Two articles on textile-based wearable robotics written by researchers in mechanical engineering (MECH) at Rice are featured in the July issue of the journal Advanced Intelligent Systems.
An article by Daniel Preston, assistant professor of MECH, and students and former students in his Preston Innovation Laboratory, is featured on the inside front cover: “Sheet-Based Fluidic Diodes for Embedded Fluidic Circuitry in Soft Devices.”
Appearing on the inside back cover is “Multiscale Textile-Based Haptic Interactions,” co-authored by Marcia O’Malley, Thomas Michael Panos Family Professor in MECH and department chair, Preston and their students.
“The appearance of these articles and selection for cover art features in a single issue of the journal speaks to the level of interest in the work coming out of our department on soft, wearable devices and robots. It’s exciting to be part of this collaborative effort across several research groups at Rice,” Preston said.
His lab has developed a soft fluidic diode made from flexible thermoplastic and textile sheets using a layered fabrication approach. The diode was selected for a cover art illustration in the July issue of Advanced Intelligent Systems and is an essential component in their sheet-based fluidic logic systems.
“It enables electronics-free control of soft devices and robots,” Preston said. “Fluidic circuits incorporating the diode provide capabilities including Boolean operations, encoding and rectification.”
Preston’s article is co-authored by Vi T. Vo ’23, second-year doctoral student at Boston University; Anoop Rajappan, MECH research scientist at Rice during the study and now a tenure-track
faculty member at Tulane University; Barclay Jumet and Marquise Bell, fifth-year graduate students in MECH at Rice; and Sofia Urbina, second-year doctoral student in MECH at Rice.
The article led by O’Malley’s group was co-authored by Zane A. Zook ’23 Ph.D., Senior Research Engineer at Oregon Health & Science University; Barclay Jumet; and Anas Yousaf, ’24, first-year doctoral student at UT-Austin; and Preston.

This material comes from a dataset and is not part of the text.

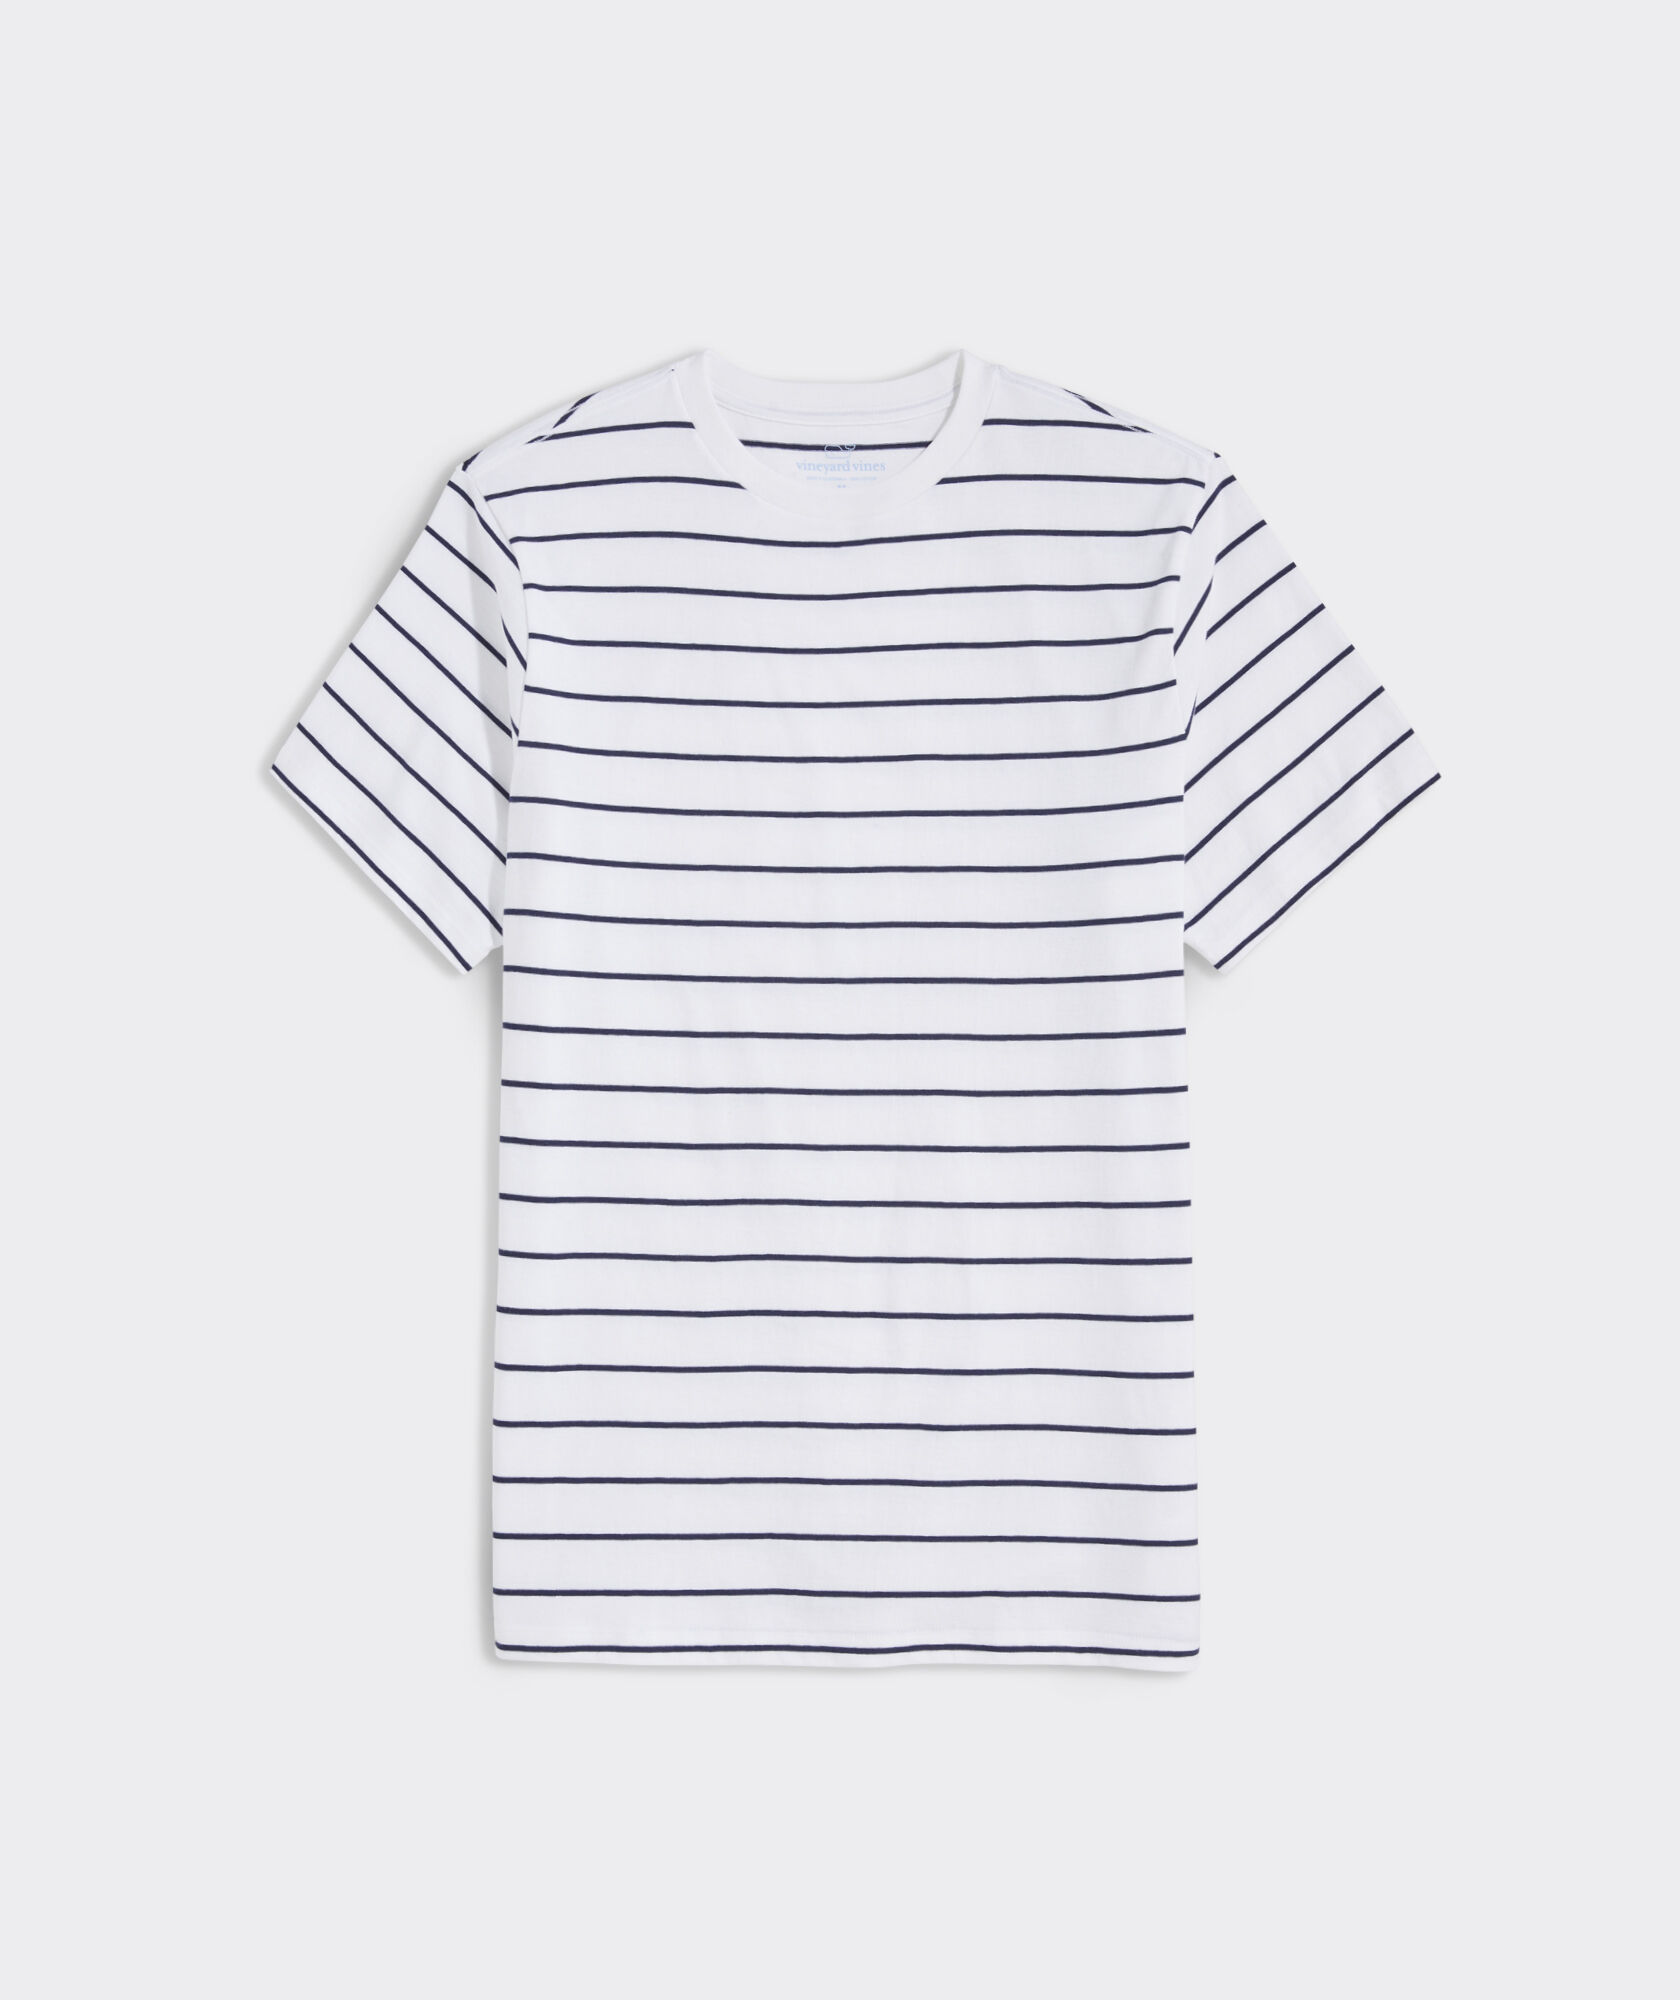 Foredeck Striped Short-Sleeve Tee
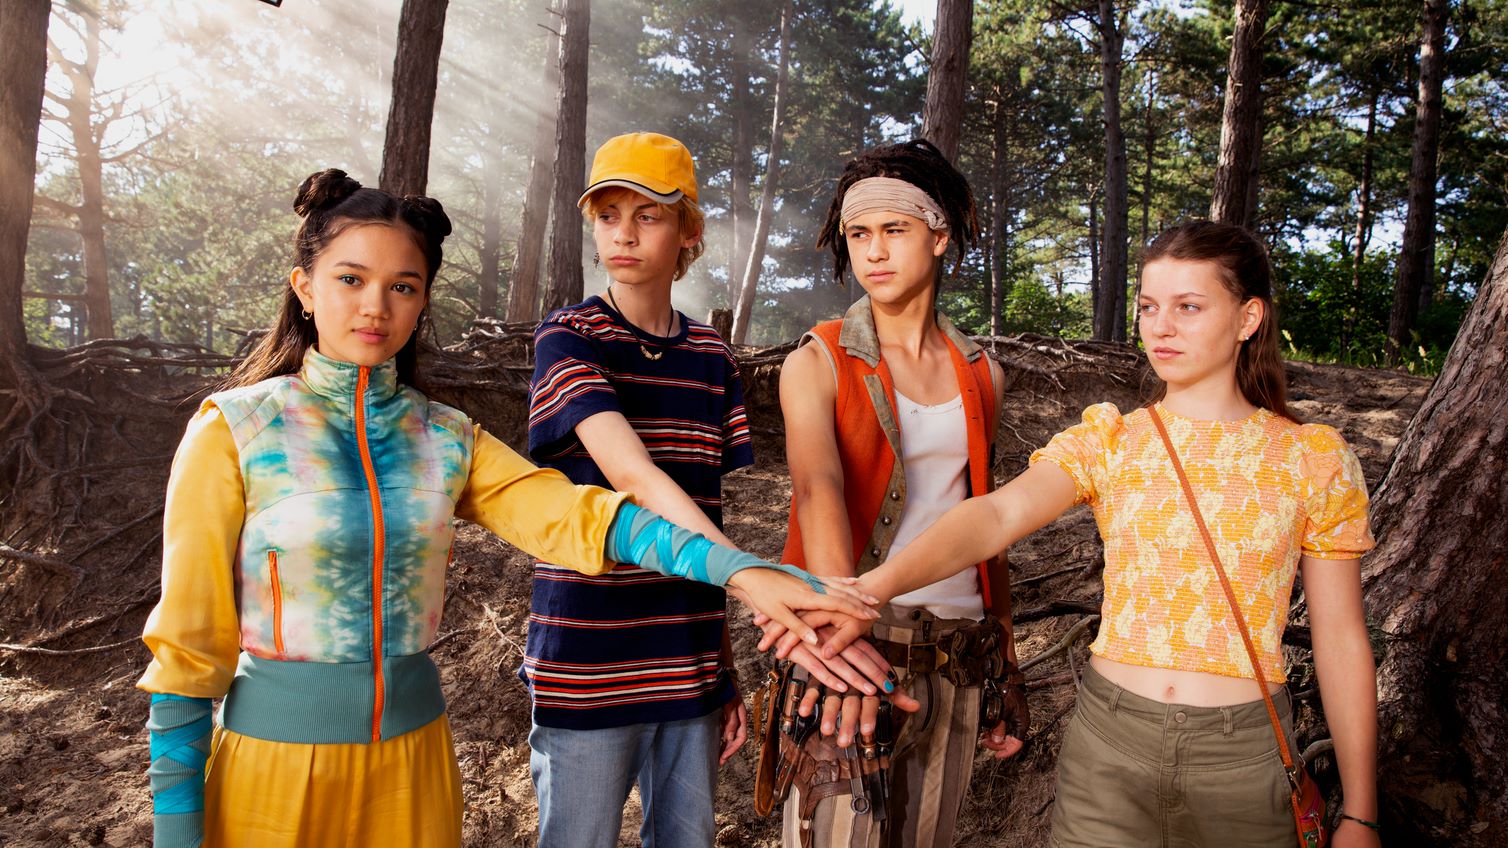 Still from De Piraten van Hiernaast 2. Yuka, Michiel, Billy and Elizabeth are standing in a forest with their hands outstretched, meeting in the middle, like they're going to do a cheer.

The research featured on the inside back cover was conducted in Preston’s lab and in O’Malley’s Mechatronics and Haptic Interfaces Lab.
“Wearable haptic devices,” O’Malley said, “transmit information via touch receptors in the skin, but when devices are worn on parts of the body with high densities of receptors, such as the fingertips and hands, our ability to interact with the world around us is impeded. Other locations well-suited for wearables, such as the wrists and arms, suffer from lower perceptual sensitivity. Our multiscale approach leverages the best of both worlds by addressing the arm with notifications and allowing the user to explore the wearable in higher fidelity with the fingertips at their convenience.”
Textile-based wearable devices, she said, have introduced new techniques of fabrication that can address these constraints and enable new modes of haptic interactions.